На следующий день мы повторили эксперимент.
— Пишите медленно. Вспоминайте всё, что мы вчера разбирали. И проверяйте, проверяйте свой диктант. Проверяйте — как своего, родненького!
У Васьки оказалось шесть ошибок, если без запятых. У Тохи — двенадцать.
— Молодцы! — сказала я. — К концу лета мы, наконец, напишем на настоящий трояк. Ну, а завтра…
— Ма, ты же завтра дежуришь!
— Точно, дежурю. Завтра — дежурю, послезавтра — сплю. Но вы-то — не дежурите. И, поэтому выучите стихотворение.
— Нет! — выдохнул Тоха.
— Нет! — сказал Васька.
— Да, — сказала я. — Но ладно, недлинное. Пушкина будем учить.
Я сняла с полки томик и полистала.
— Ну, хоть вот это.
И я показала им стихотворение длинное, на два листа.
— Нет! — взвыли оба.
— Ладно, шутка. Вот, вот это. Я его сама люблю, и буду сама вместе с вами повторять. Вот!
Пора, мой друг, пора! Покоя сердце просит…
— Ну, это ещё ничего, — сказал Васька.
— Вот вам задание, на два дня.
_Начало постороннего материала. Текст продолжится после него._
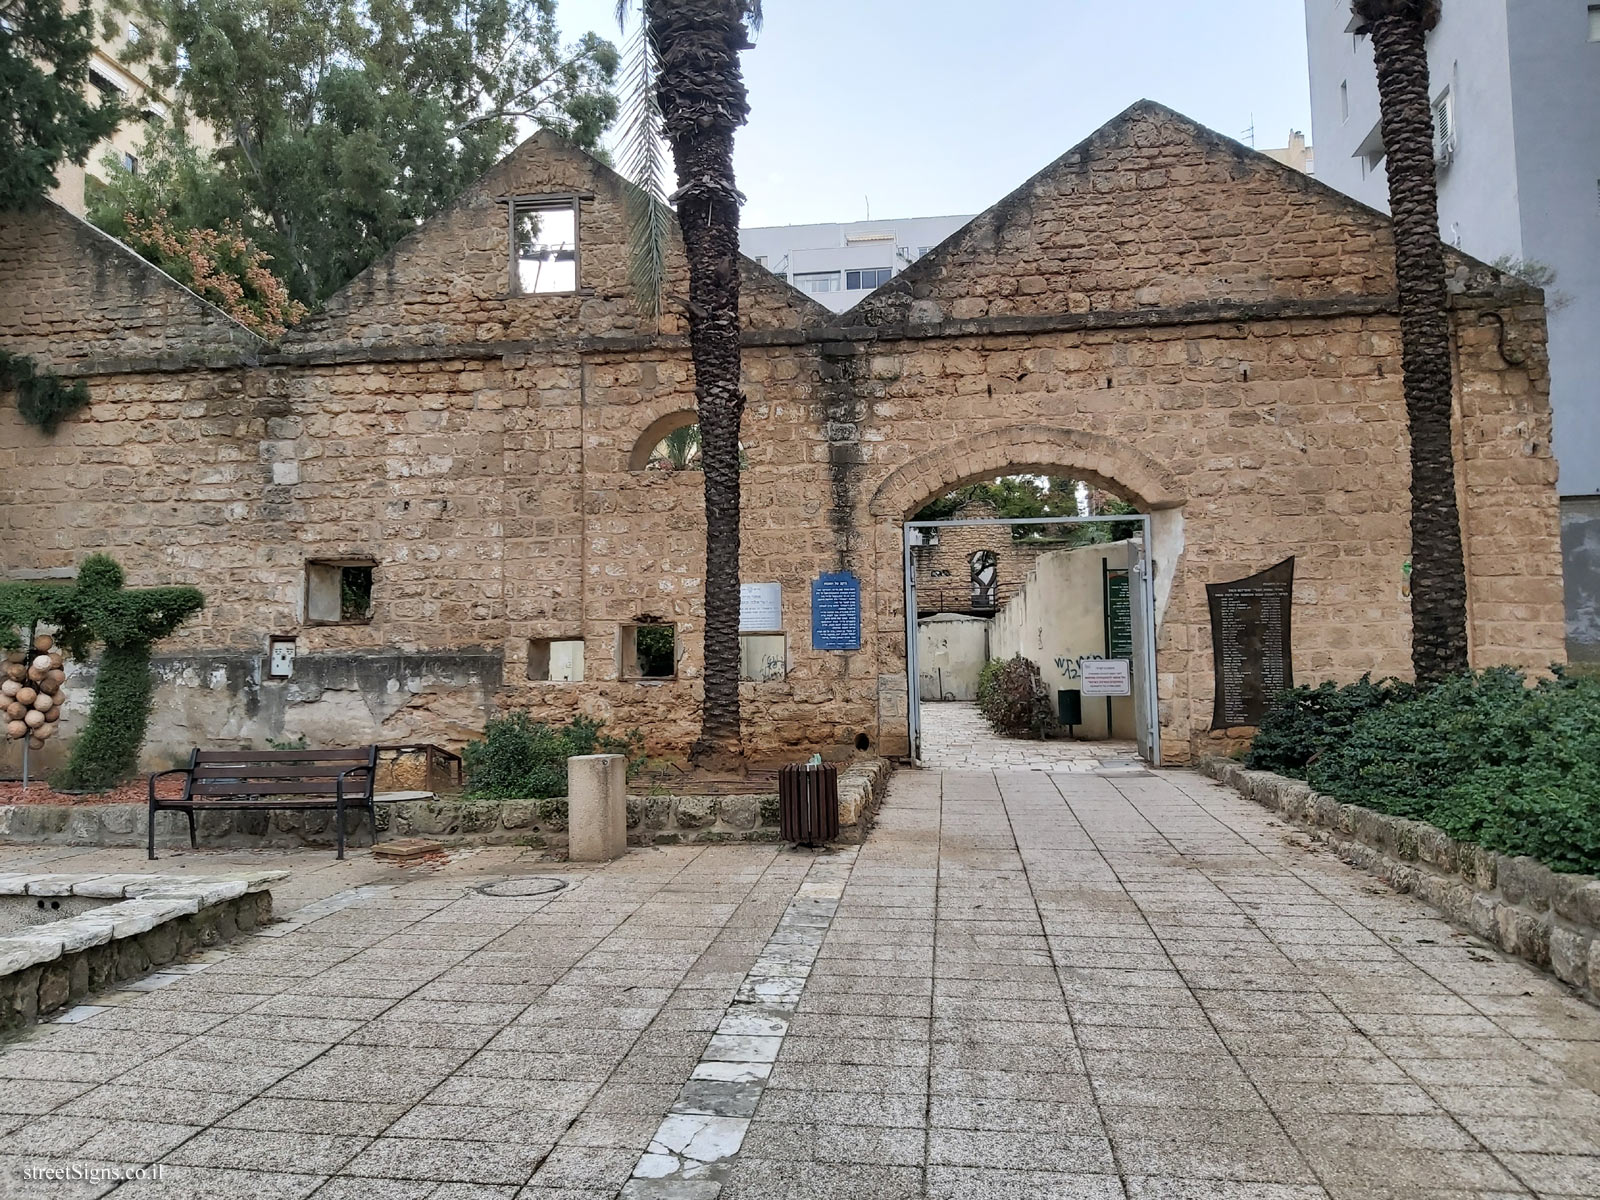 Rehovot - Heritage Sites in Israel - Rehovot Winery - Ha-Nasi ha-Rishon St 38, Rehovot, Israel

А потом — снова будем писать, так что не расслабляйтесь.
Придя через сутки с дежурства, я слышала, как Тоха бубнил на балконе — о том, что «на свете — счастья нет, но есть покой и воля». Мне было и грустно, и смешно.
Стихотворение они выучили.
— Нет, про «покой и волю» — я понимаю, — сказал Тоха, после того, как вполне прилично, «с выражением», рассказал стихотворение. — Но куда этот «усталый раб» замыслил побег, и почему он — усталый раб?
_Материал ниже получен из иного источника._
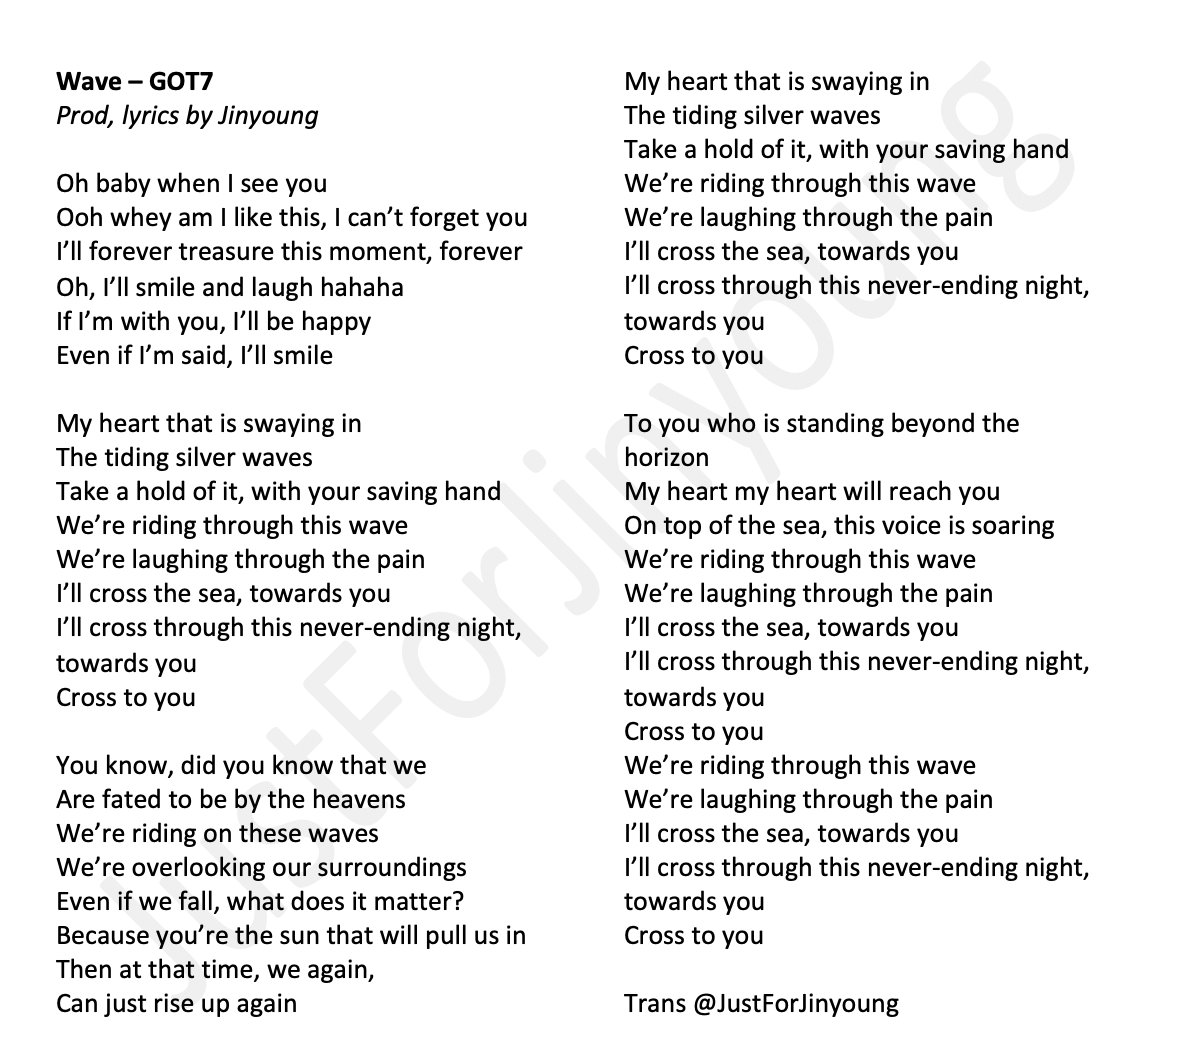 Just For Jinyoung Eng Wave Lyrics Prod Lyrics By Jinyoung Jinyoung 진영 Got7 갓세븐 Got7official Got7 Lastpiece Jfj Trans

— А ты, Васька, как думаешь?
— Ну, я думаю, что он в рабстве был, — сказал Васька. — Был в рабстве, и решил бежать. Ну а где ему жить-то, когда он сбежит?
— Где-нибудь в пещере, в горах! — стал развивать Вась-кину мысль Тоха. — Там надо трудиться, чтобы себя прокормить. Охотиться, рыбу ловить…
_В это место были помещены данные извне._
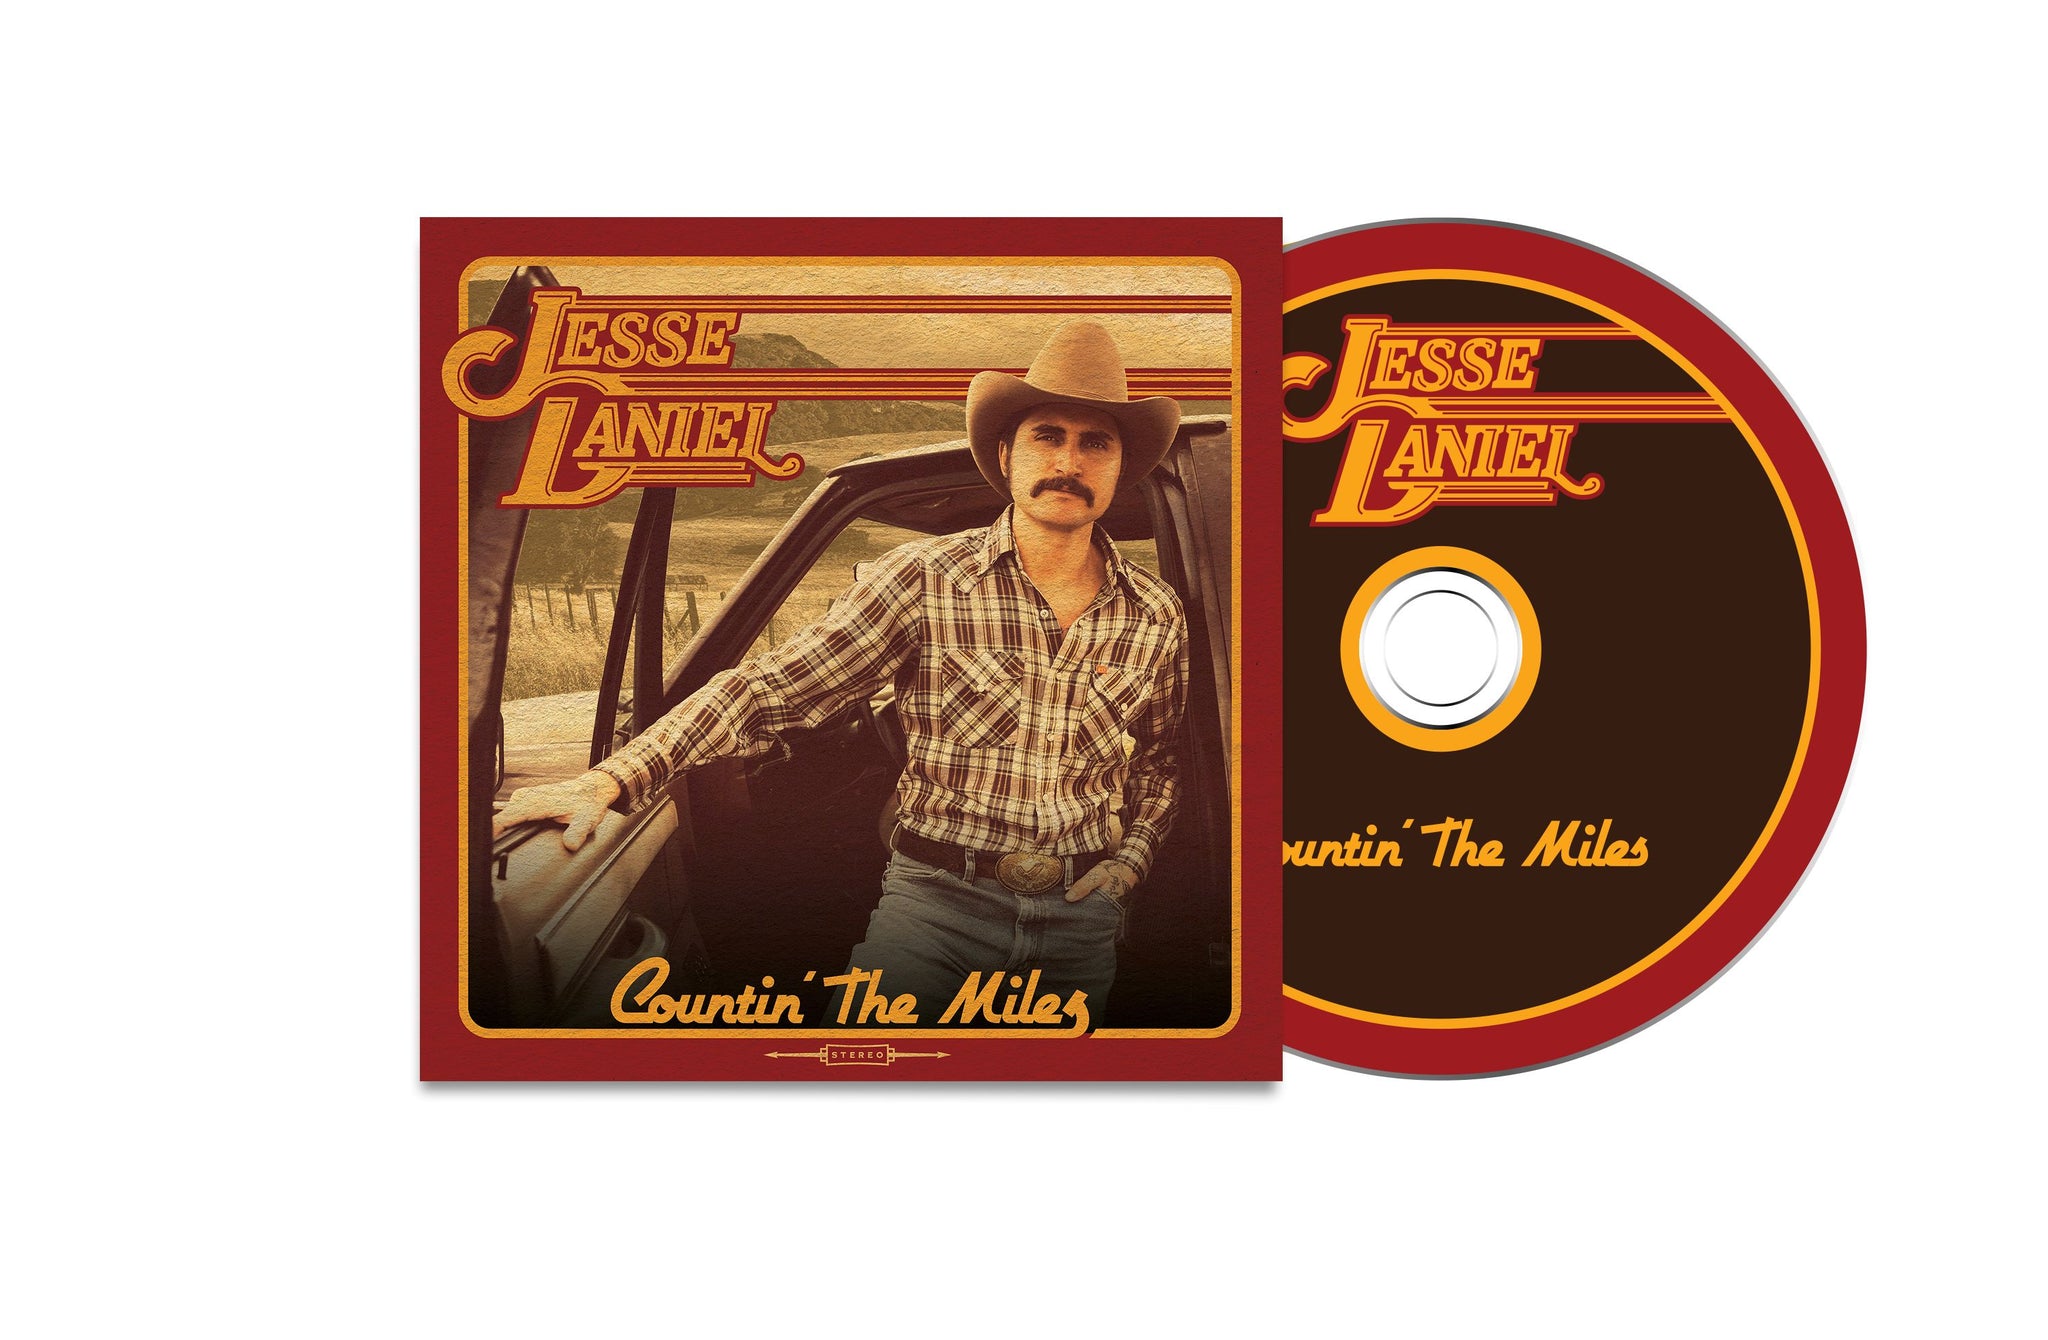 Jesse Daniel - Countin' The Miles [CD]

— А как понимать это — «трудов, и чистых нег»? Что такое — «чистых нег»?
— А что такое — «нег»? — спросил Тоха.
— Удовольствий. Радостей, — ответила я. — Получается, что в обитель трудов и чистых радостей. Ладно, не мучайтесь больше. Тут говорится о человеке, который испытал многое в жизни, и понял, что ни в чём на свете нет радости, как только в покое и свободе.
— Да! Это точно! — вставил Тоха. — В свободе!
— Но тут ещё одно условие есть, для этого человека, который решил обрести и покой, и волю.
— Какое условие?
— Тема уж очень такая… Ну ладно, я вам скажу, как я это понимаю. Дело в том, что нет их в нашем мире: ни свободы, ни покоя. Потому что всё, в этом мире, не вечно и переменчиво. Всё — может уйти, умереть. Да?
— Да. Так где же тогда эта «воля»? — спросил Тоха. — Где же есть такое место, которое не меняется?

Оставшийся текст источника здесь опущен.